We evaluated the performance of BloombergGPT on two broad categories of tasks: finance-specific and general purpose. The finance-specific tasks help us test our hypothesis that training on high-quality finance-specific data will yield better results on financial tasks. The general purpose tasks investigate whether the performance of our model is directly comparable to previously published results. For financial tasks, we assembled publicly available financial datasets that include a range of NLP tasks. Then, to directly test BloombergGPT's ability on Bloomberg tasks of interest, we also included tasks drawn from Bloomberg-internal high-quality evaluation sets for sentiment analysis and named entity recognition. For general-purpose tasks, we draw from multiple existing benchmarks and group results into the following categories: BIG-bench Hard, Knowledge Assessments, Reading Comprehension, and Linguistic Tasks. The number of tasks per type and the definitions of the groups are presented in Table 5.

Suite Tasks What does it measure?
Public Financial Tasks 5 Public datasets in the financial domain
Bloomberg Financial Tasks 12 NER and sentiment analysis tasks
Big-bench Hard (Suzgun et al., 2022) 23 Reasoning and general NLP tasks
Knowledge Assessments 5 Testing closed-book information recall
Reading Comprehension 5 Testing open-book tasks
Linguistic Tasks 9 Not directly user-facing NLP tasks
Table 5: Evaluation Benchmarks. We evaluate BloombergGPT on a high-coverage set of standard benchmarks that assess downstream performance, taken from HELM, SuperGLUE, MMLU, and the GPT-3 suite. Since these have significant overlap and/or include each other, we restructure them into the categories presented here. We only evaluate on one setup per dataset. We further assess BloombergGPT on a suite of internal and public financial tasks.
Name # Tokens (B) # Params. (B) Compute
BloombergGPT 569 50.6 1.00
GPT-NeoX 472 20 0.33
OPT 300 66 0.69
BLOOM 366 176 2.24
GPT-3 300 175 1.82
Table 6: Evaluation model cohort. OPT and BLOOM each have multiple sizes available and we report those we evaluated. We note that compute numbers are only partially comparable between models: For example, BLOOM's training data is only 1/3 English, and OPT repeated some of its training data. We report GPT-3 results whenever available but did not run it ourselves due to lack of availability.

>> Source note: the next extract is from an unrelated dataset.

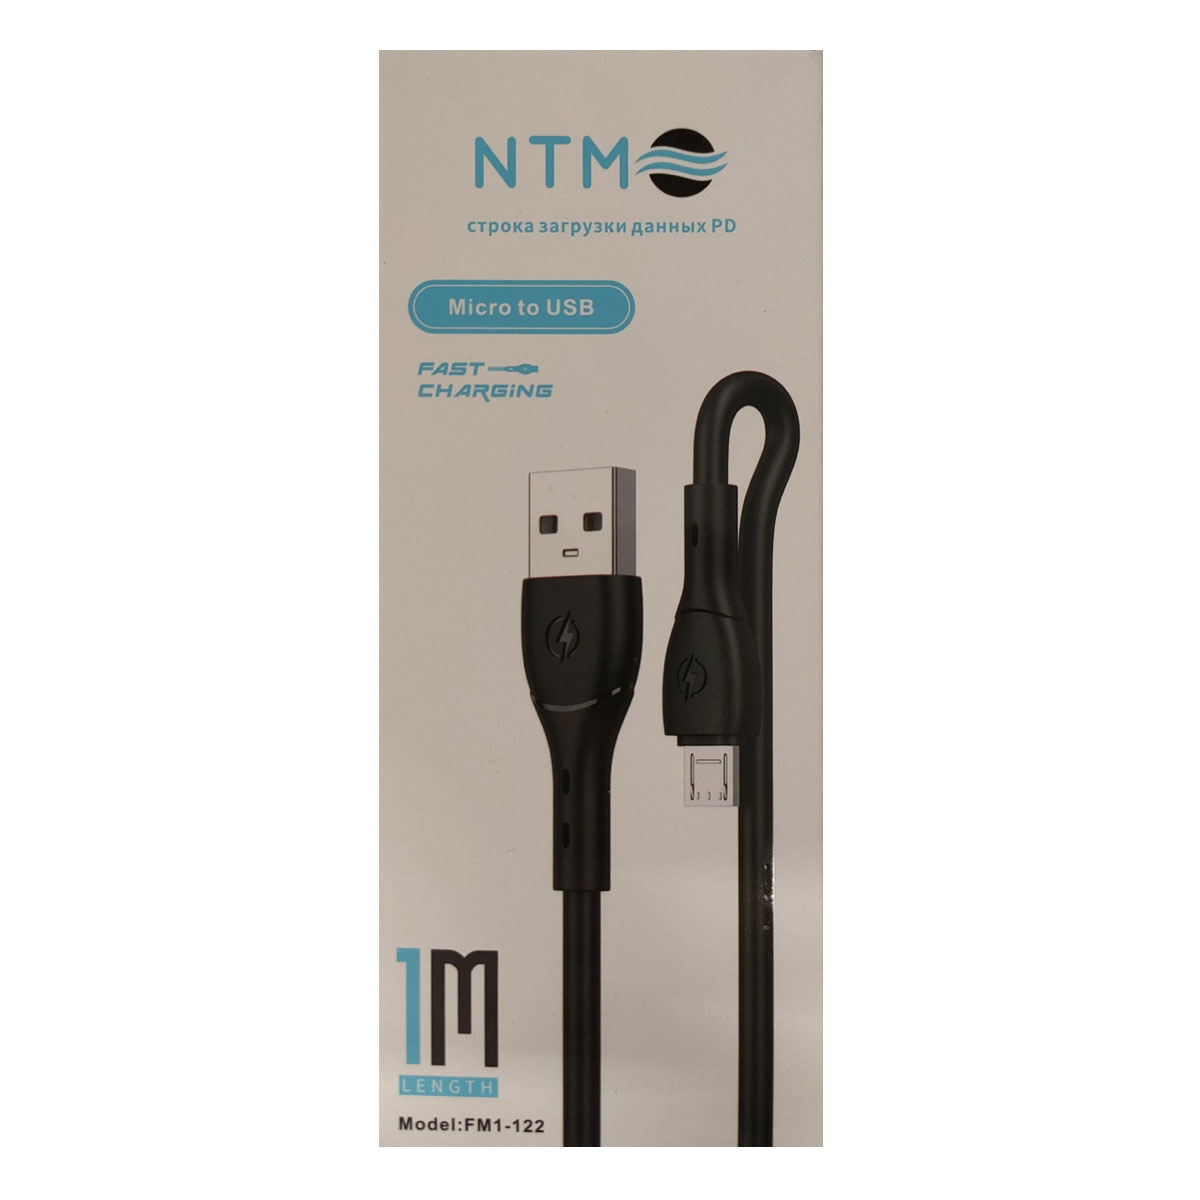 Кабель NTM FM1-122 Micro USB, длина 1 метр, цвет черный

We compare BloombergGPT to the three closest models described in §7 based on model size, type of training data, overall performance, and most importantly, access. An overview of the model sizes and compute is provided in Table 6.

1. GPT-NeoX (Black et al., 2022): According to Liang et al. (2022), this model is the best performing available model under 50B parameters. 2. OPT66B (Zhang et al., 2022a): We chose to compare to OPT66B since our model size and structure roughly match, though our model is smaller. 3. BLOOM176B (Scao et al., 2022): While this model is substantially larger than BloombergGPT, we use the same model architecture and software stack. We note that BLOOM176B is multilingual, so while it is much larger, it also is trained on data from more languages.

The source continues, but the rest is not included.